##### Information given

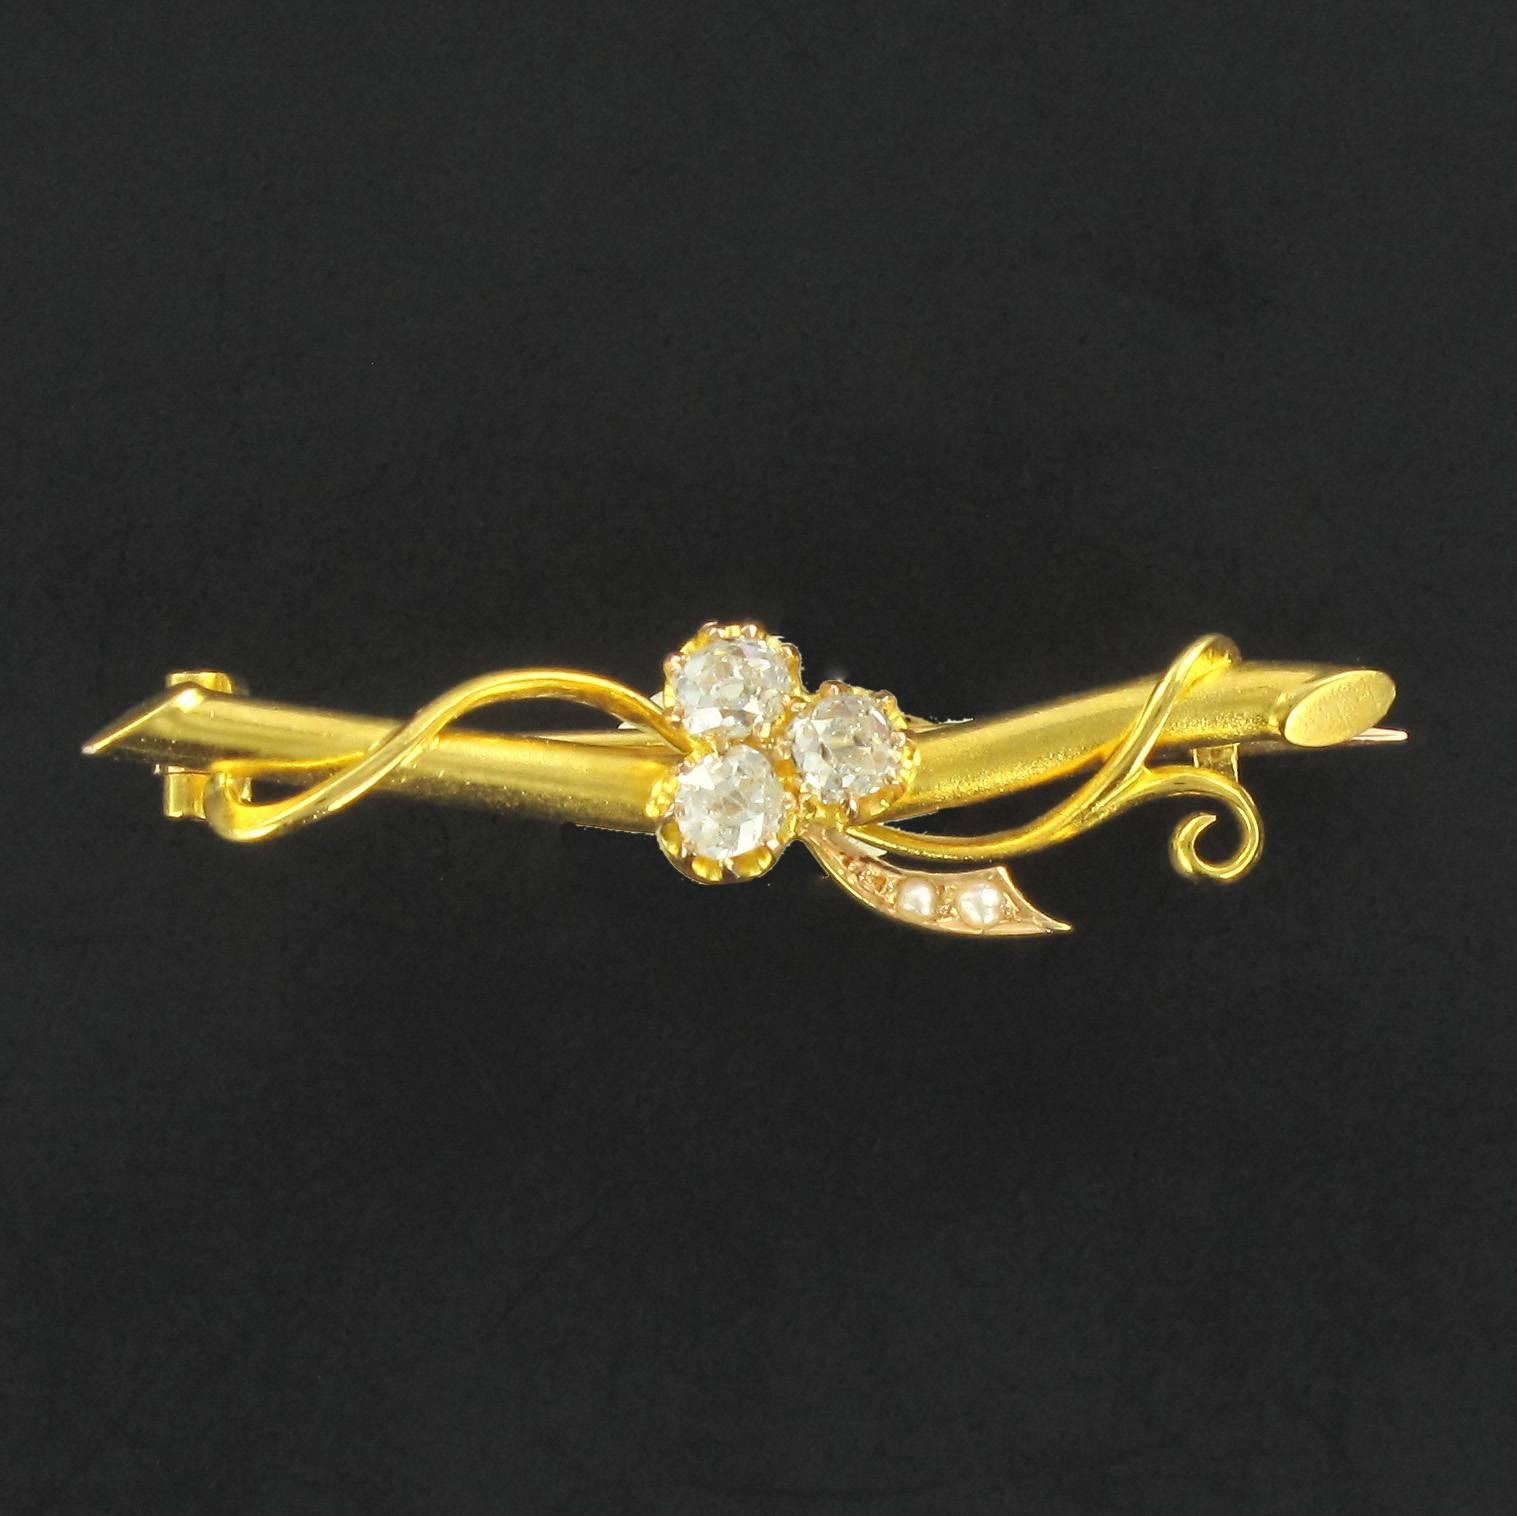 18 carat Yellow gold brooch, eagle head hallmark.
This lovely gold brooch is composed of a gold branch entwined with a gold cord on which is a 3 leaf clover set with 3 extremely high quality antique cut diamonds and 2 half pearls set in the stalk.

##########
##### Information given

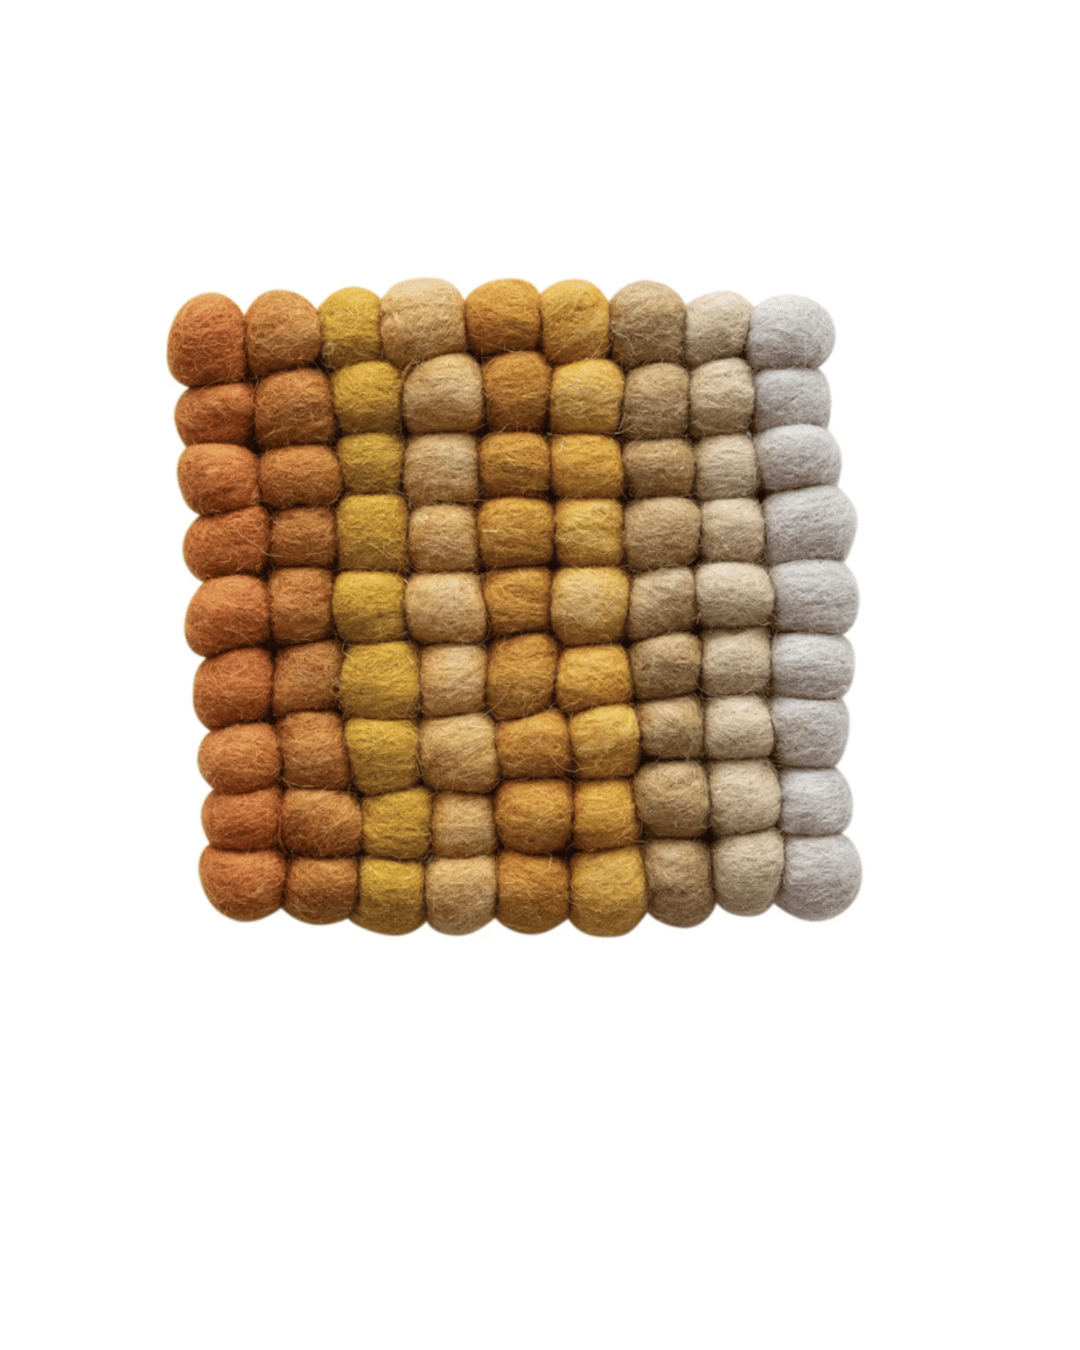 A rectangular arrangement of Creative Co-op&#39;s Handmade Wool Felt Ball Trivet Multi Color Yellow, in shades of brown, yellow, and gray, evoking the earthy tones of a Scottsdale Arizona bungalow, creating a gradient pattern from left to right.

##########

Out of the records above, please copy exactly the lines from the line with "18 carat Yellow" up to and including the line with "This lovely gold", minus the pictures.

 18 carat Yellow gold brooch, eagle head hallmark.
This lovely gold brooch is composed of a gold branch entwined with a gold cord on which is a 3 leaf clover set with 3 extremely high quality antique cut diamonds and 2 half pearls set in the stalk.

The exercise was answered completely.